[Opening Dataset section section]

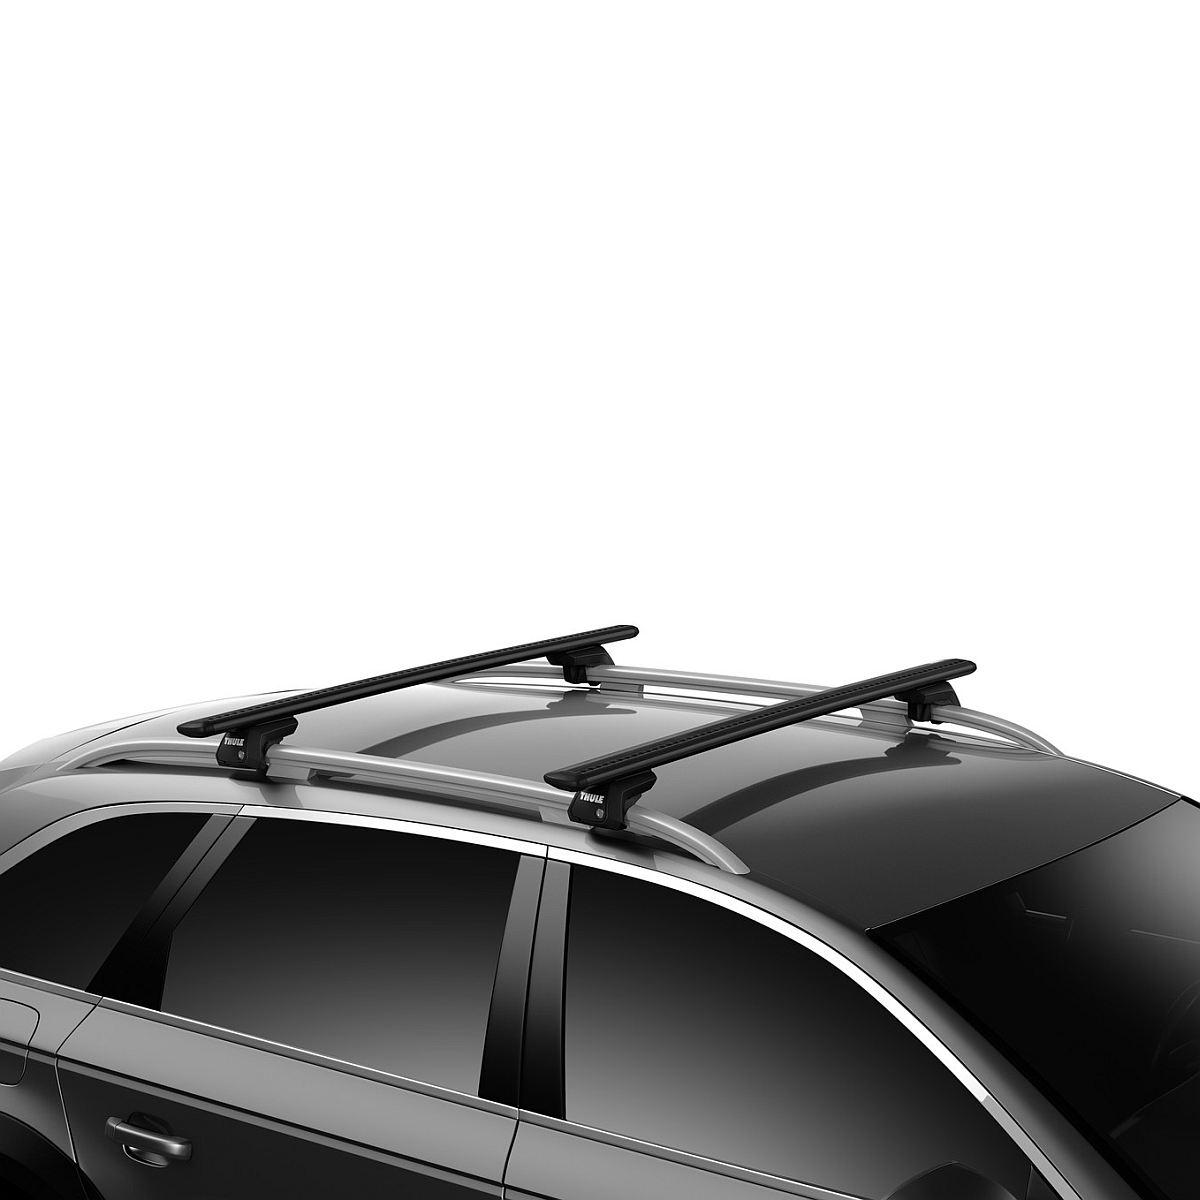 Напречни греди Thule Evo Raised Rail WingBar Evo 127cm в Черно за CITROEN C-crosser 5 врати SUV 07-12 с фабрични надлъжни греди с просвет 5
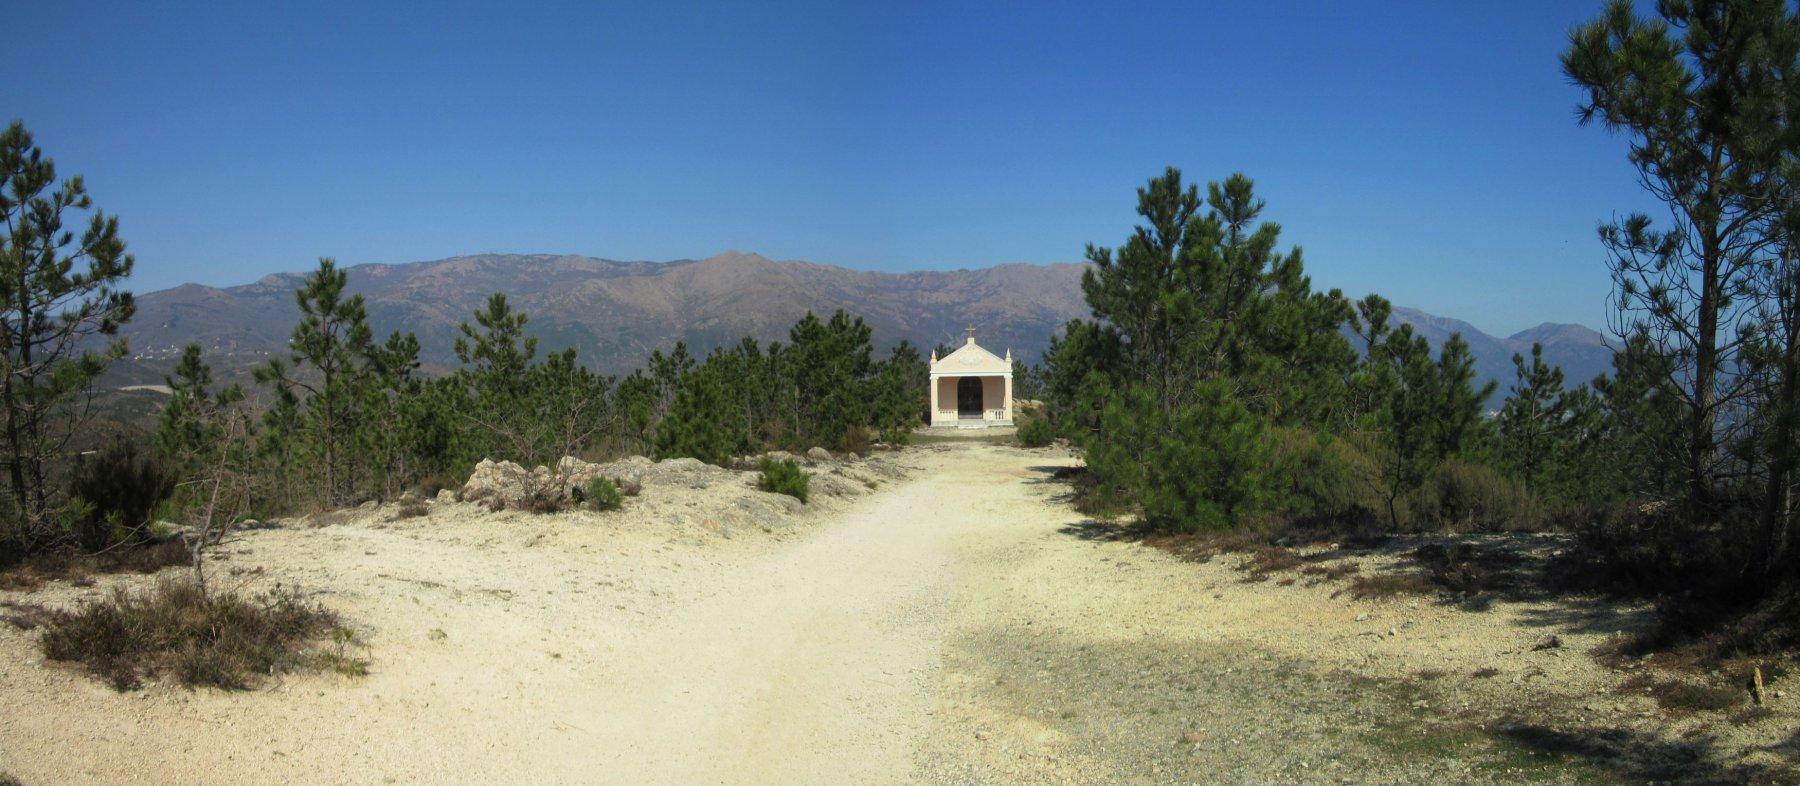 Cappelletta nei pressi del Santuario dove parte il sentiero verso Cogoleto
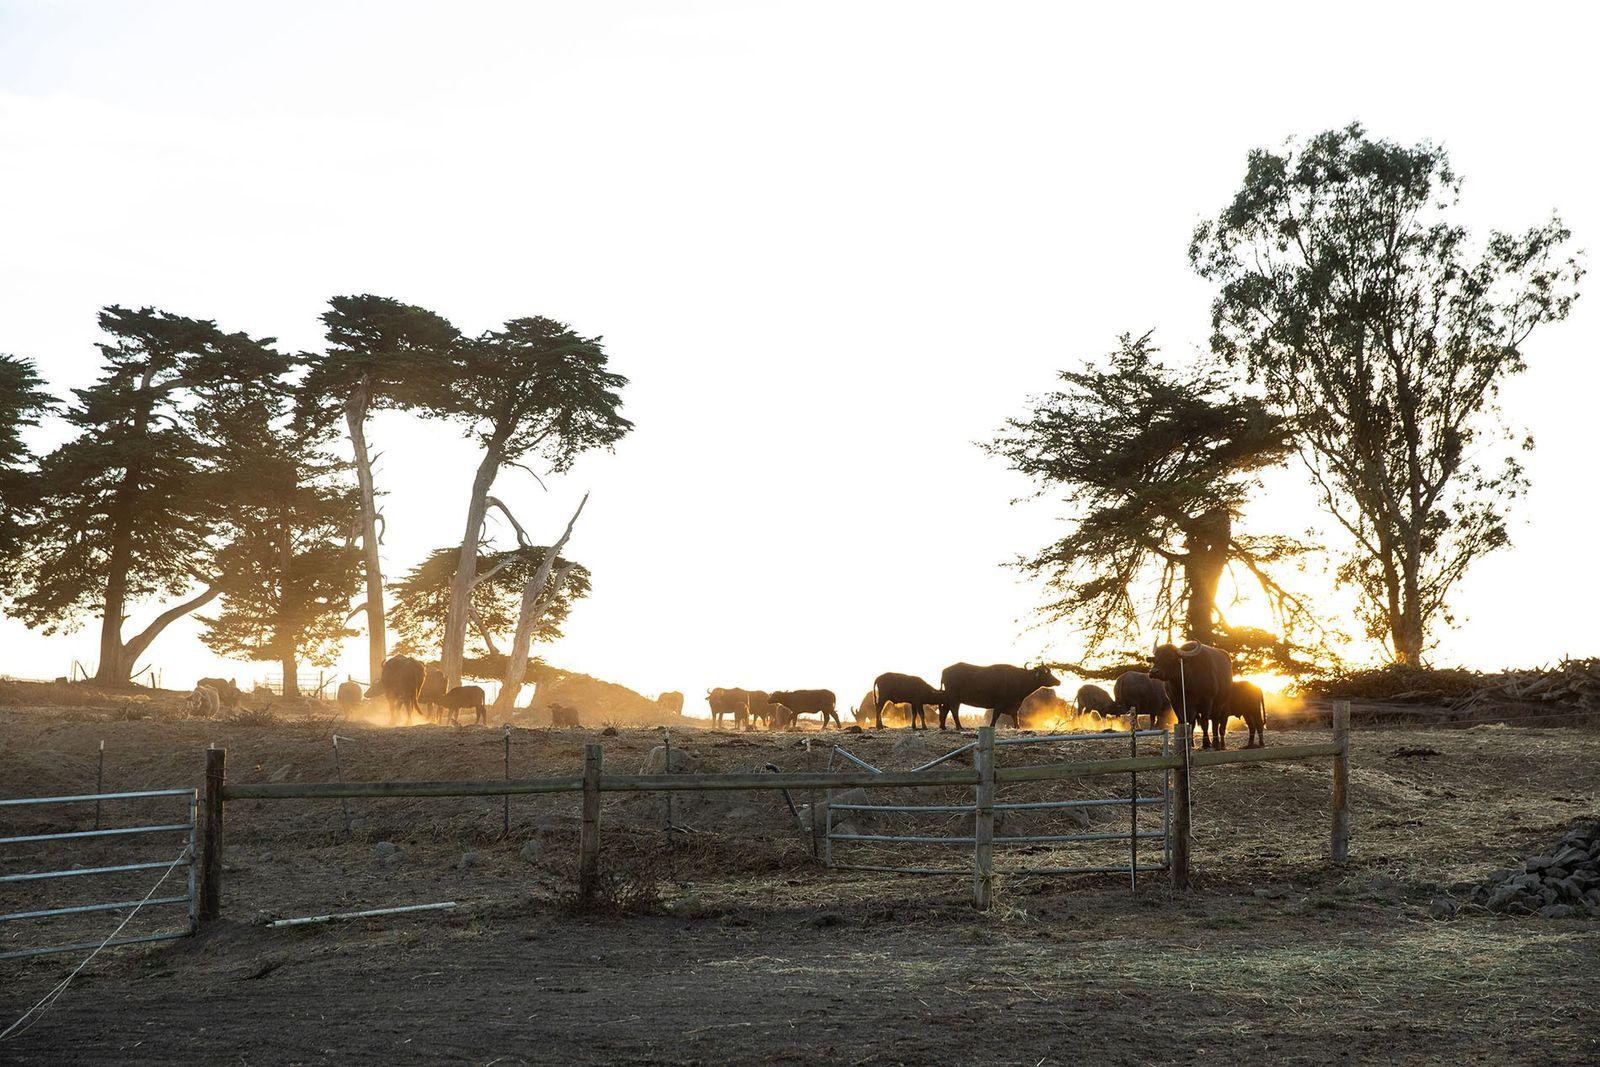 Buffalos at Ramini Mozzarella.

[Closing Dataset section section]

> **Activity**
Output the whole listing again, exactly, without its pictures.

> **Exercise solution**
 Напречни греди Thule Evo Raised Rail WingBar Evo 127cm в Черно за CITROEN C-crosser 5 врати SUV 07-12 с фабрични надлъжни греди с просвет 5
 Cappelletta nei pressi del Santuario dove parte il sentiero verso Cogoleto
 Buffalos at Ramini Mozzarella.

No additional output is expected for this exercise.